A cold reset clears the CLAIM tag bits to 0.
This register can be read using MRC with the following syntax:
MRC <syntax>
This register can be written using MCR with the following syntax:
MCR <syntax>
This syntax uses the following encoding in the System instruction encoding space:
<syntax> | opc1 | opc2 | CRn | coproc | CRm |
---|---|---|---|---|---|
p14, 0, <Rt>, c7, c9, 6 | 000 | 110 | 0111 | 1110 | 1001 |
The register is accessible as follows:
Control | Accessibility | |||||
---|---|---|---|---|---|---|
E2H | TGE | NS | EL0 | EL1 | EL2 | EL3 |
x | x | 0 | - | RW | n/a | RW |
x | 0 | 1 | - | RW | RW | RW |
x | 1 | 1 | - | n/a | RW | RW |
This table applies to all instructions that can access this register.

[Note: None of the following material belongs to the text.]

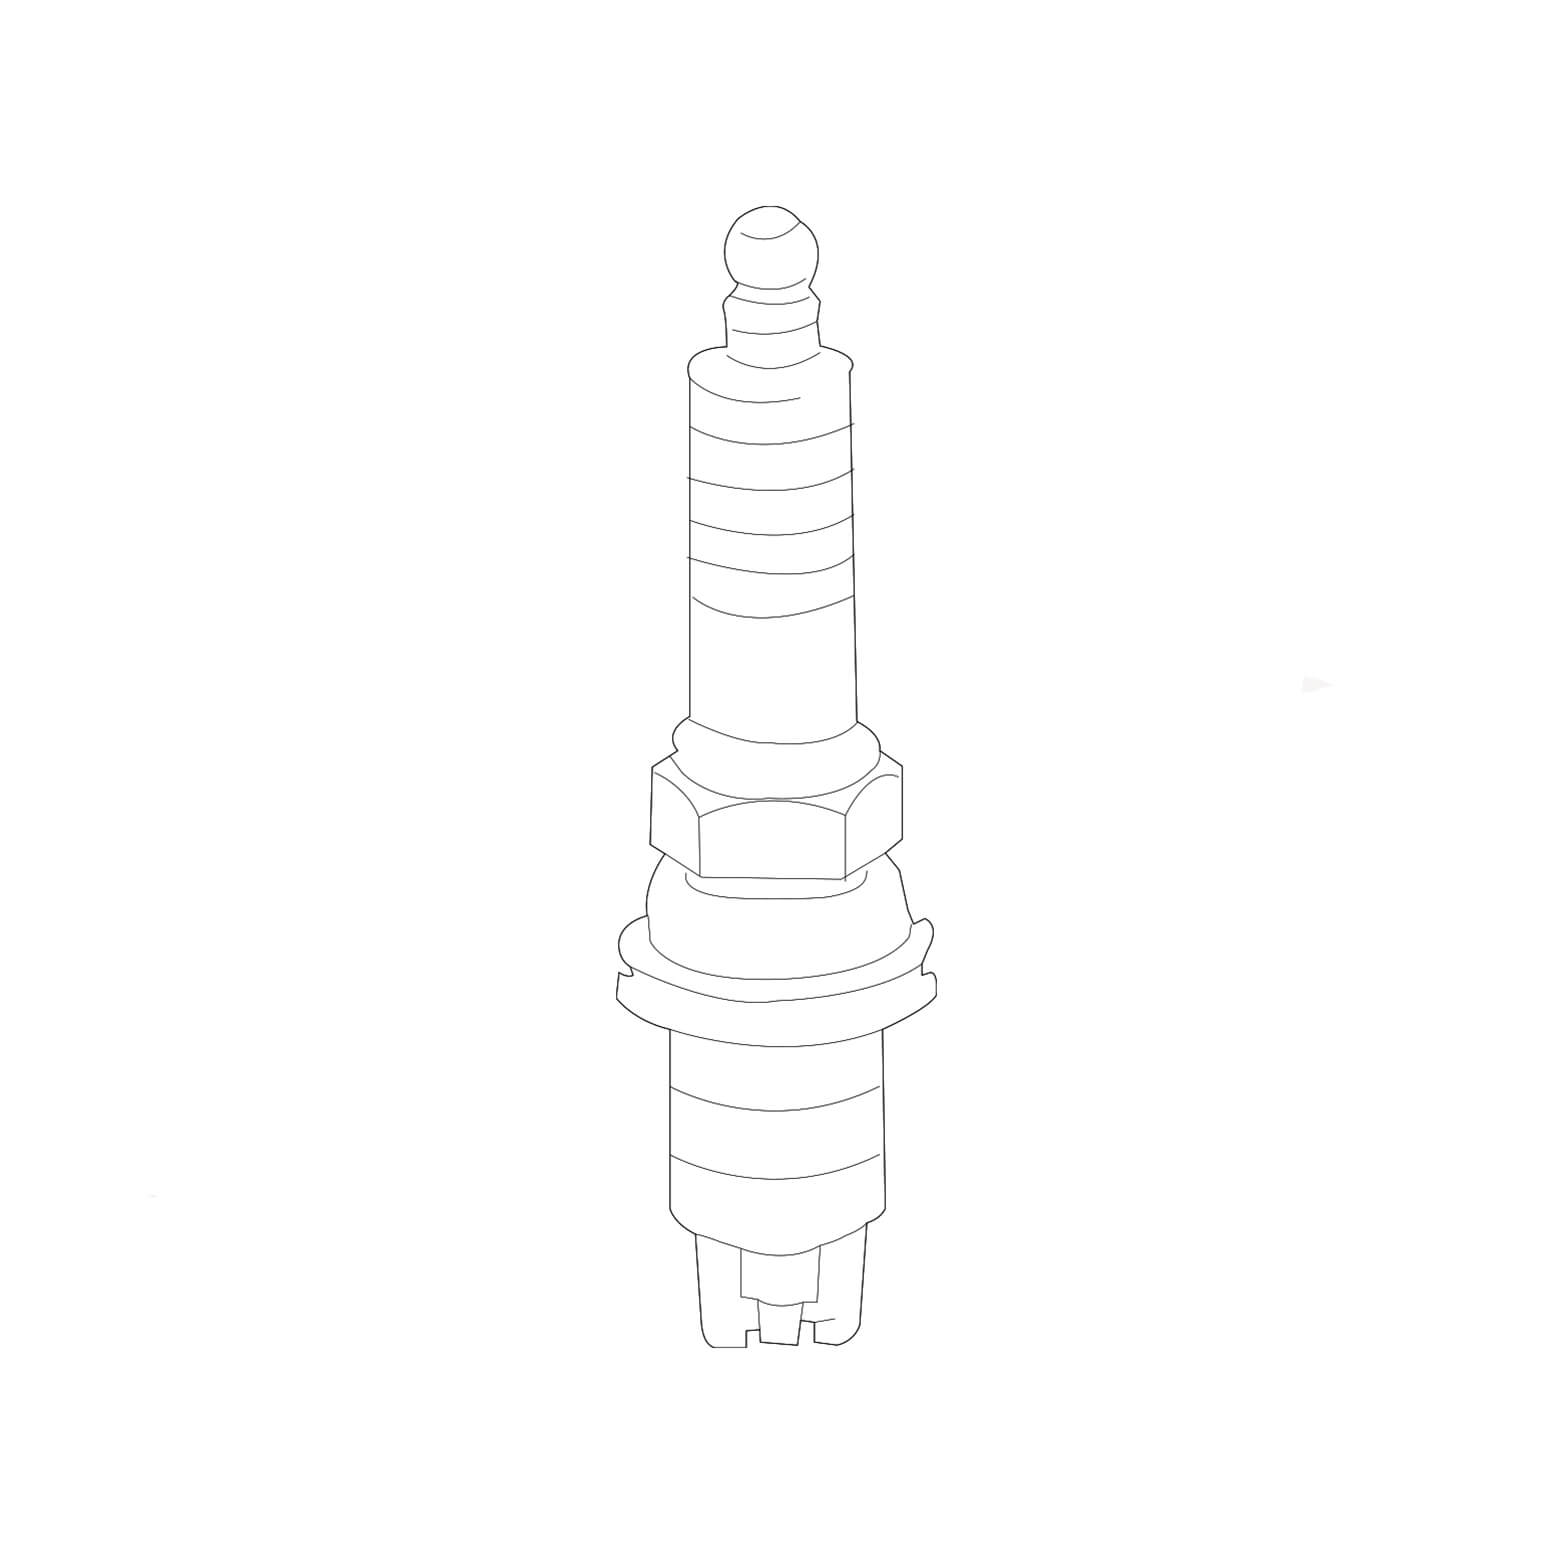 شمع موتور ایریدیوم ۱۱۱۶۰-۱۸۸۴۵

For a description of the prioritization of any generated exceptions, see section G1.11.2 (Exception priority order) in the ARM® Architecture Reference Manual, ARMv8, for ARMv8-A architecture profile for exceptions taken to AArch32 state, and section D1.13.2 (Synchronous exception prioritization) for exceptions taken to AArch64 state. Subject to the prioritization rules, the following traps and enables are applicable when accessing this register.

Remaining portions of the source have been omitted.